### Items from a dataset
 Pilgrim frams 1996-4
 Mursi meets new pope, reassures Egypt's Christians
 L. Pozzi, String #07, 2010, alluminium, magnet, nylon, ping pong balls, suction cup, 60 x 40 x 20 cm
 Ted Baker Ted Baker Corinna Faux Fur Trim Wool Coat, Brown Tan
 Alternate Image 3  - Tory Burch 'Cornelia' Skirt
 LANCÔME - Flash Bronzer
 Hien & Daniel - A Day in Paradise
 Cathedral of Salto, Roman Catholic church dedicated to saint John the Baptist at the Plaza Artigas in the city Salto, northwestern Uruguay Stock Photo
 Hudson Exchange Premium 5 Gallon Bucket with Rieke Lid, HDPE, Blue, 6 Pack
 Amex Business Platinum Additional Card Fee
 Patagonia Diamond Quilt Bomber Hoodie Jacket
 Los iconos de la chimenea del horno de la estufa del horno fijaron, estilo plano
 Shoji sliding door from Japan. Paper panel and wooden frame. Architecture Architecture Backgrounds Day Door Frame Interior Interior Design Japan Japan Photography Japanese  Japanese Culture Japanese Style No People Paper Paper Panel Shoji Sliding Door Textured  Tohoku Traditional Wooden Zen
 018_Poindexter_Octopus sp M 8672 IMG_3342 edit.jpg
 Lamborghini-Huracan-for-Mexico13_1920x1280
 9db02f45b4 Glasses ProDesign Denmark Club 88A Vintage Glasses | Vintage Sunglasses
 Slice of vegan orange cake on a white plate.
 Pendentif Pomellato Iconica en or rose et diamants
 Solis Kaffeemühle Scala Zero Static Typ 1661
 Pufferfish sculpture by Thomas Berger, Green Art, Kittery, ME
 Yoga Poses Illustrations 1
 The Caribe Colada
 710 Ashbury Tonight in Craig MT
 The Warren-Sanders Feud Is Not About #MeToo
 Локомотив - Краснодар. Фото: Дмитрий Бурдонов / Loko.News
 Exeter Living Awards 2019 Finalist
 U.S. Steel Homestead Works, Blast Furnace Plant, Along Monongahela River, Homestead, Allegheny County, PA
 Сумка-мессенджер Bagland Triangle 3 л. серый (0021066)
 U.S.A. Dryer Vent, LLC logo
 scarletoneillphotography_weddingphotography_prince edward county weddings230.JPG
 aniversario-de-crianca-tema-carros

### The task
Restate word for word the lines of the data above, starting at the line containing "Lamborghini-Huracan-for-Mexico13_1920x1280" and ending at the line containing "Yoga Poses Illustrations 1", both included, and nothing more.

### Exercise output
 Lamborghini-Huracan-for-Mexico13_1920x1280
 9db02f45b4 Glasses ProDesign Denmark Club 88A Vintage Glasses | Vintage Sunglasses
 Slice of vegan orange cake on a white plate.
 Pendentif Pomellato Iconica en or rose et diamants
 Solis Kaffeemühle Scala Zero Static Typ 1661
 Pufferfish sculpture by Thomas Berger, Green Art, Kittery, ME
 Yoga Poses Illustrations 1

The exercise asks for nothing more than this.